I hate to say that sustainability is a trend — it cannot be a trend. It’s the core.

Lina Ghotmeh

If sustainability is central, technology — including artificial intelligence — can be useful only as a tool consistent with that core. Ghotmeh sees it as support for reading contexts and bioclimatic simulations, but rejects the idea of replacing design as a cultural practice: “I don’t believe it can replace us as humans. The process of architecture is not mechanical… the discussions and even the fights are part of the process. That’s what makes what we do deeply human.”

Lina Ghotmeh Architecture, Jadid's Legacy Museum, Bukhara, Uzbekistan. Image © Lina Ghotmeh Architecture. Courtesy Uzbekistan Art and Culture Development Foundation.

Technology, therefore, not as a formal shortcut but as a means to manage complexity and reduce waste without erasing the collective dimension of the work. Here the theme of inclusion naturally returns — not as a slogan, but as a quality of the construction process. “A good detail is about understanding the materials you are building with and how things come together… sometimes you have to go behind the drawing — go to the industries, see the craftspeople, and learn from their knowledge.” In the projects she mentions — from the Beirut tower to the Bahrain Pavilion at Expo Osaka — material becomes a vehicle of relationships: “Using unengineered wood allowed us to involve craftspeople in Japan… the whole process of making became a process of pride. It was so much a human venture — suddenly, even if you don’t speak the language, architecture makes you speak the same language.” Within this framework, the detail is not merely a technical point but a place where skills, economies and identities converge.

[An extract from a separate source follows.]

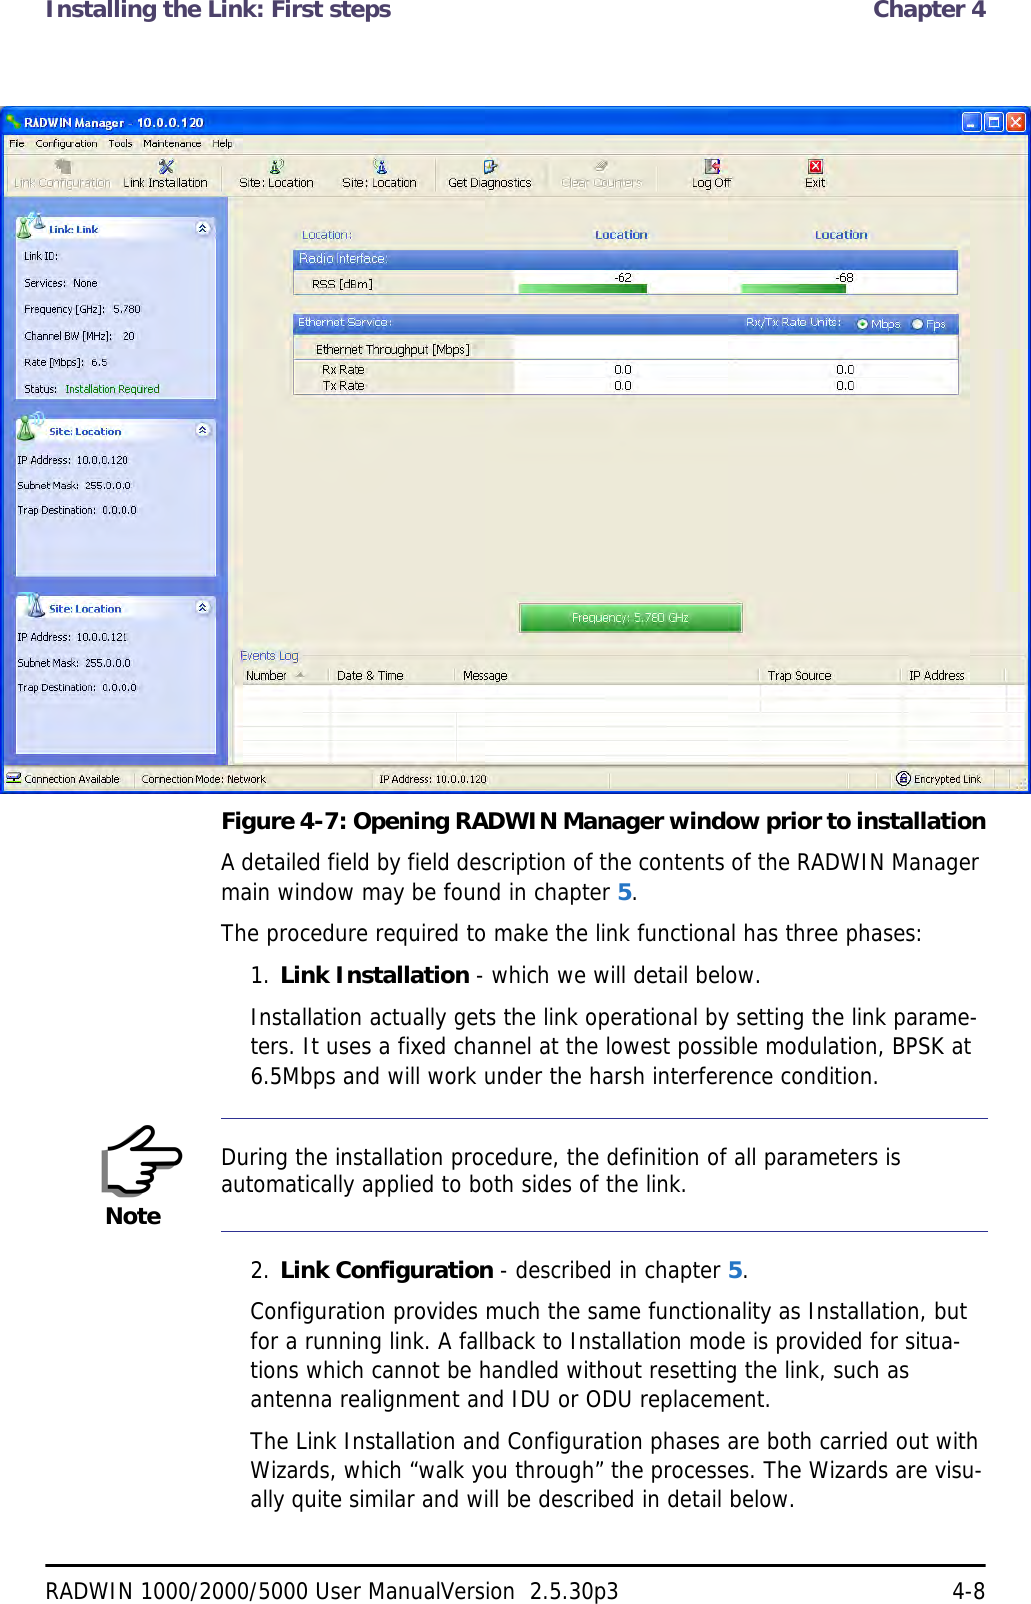 Installing the Link: First steps  Chapter 4RADWIN 1000/2000/5000 User ManualVersion  2.5.30p3 4-8Figure 4-7: Opening RADWIN Manager window prior to installationA detailed field by field description of the contents of the RADWIN Manager main window may be found in chapter 5.The procedure required to make the link functional has three phases:1. Link Installation - which we will detail below.Installation actually gets the link operational by setting the link parame-ters. It uses a fixed channel at the lowest possible modulation, BPSK at 6.5Mbps and will work under the harsh interference condition. 2. Link Configuration - described in chapter 5.Configuration provides much the same functionality as Installation, but for a running link. A fallback to Installation mode is provided for situa-tions which cannot be handled without resetting the link, such as antenna realignment and IDU or ODU replacement.The Link Installation and Configuration phases are both carried out with Wizards, which “walk you through” the processes. The Wizards are visu-ally quite similar and will be described in detail below. NoteDuring the installation procedure, the definition of all parameters is automatically applied to both sides of the link.

Looking at younger generations, Ghotmeh insists on one thing above all: do not give in to cynicism. “As an architect you should continue to dream… Architecture is about people first.” Continuing to dream, she concludes, is not about removing difficulties but about remaining within complexity without reducing it: holding together responsibility, imagination and a design practice understood as a shared act.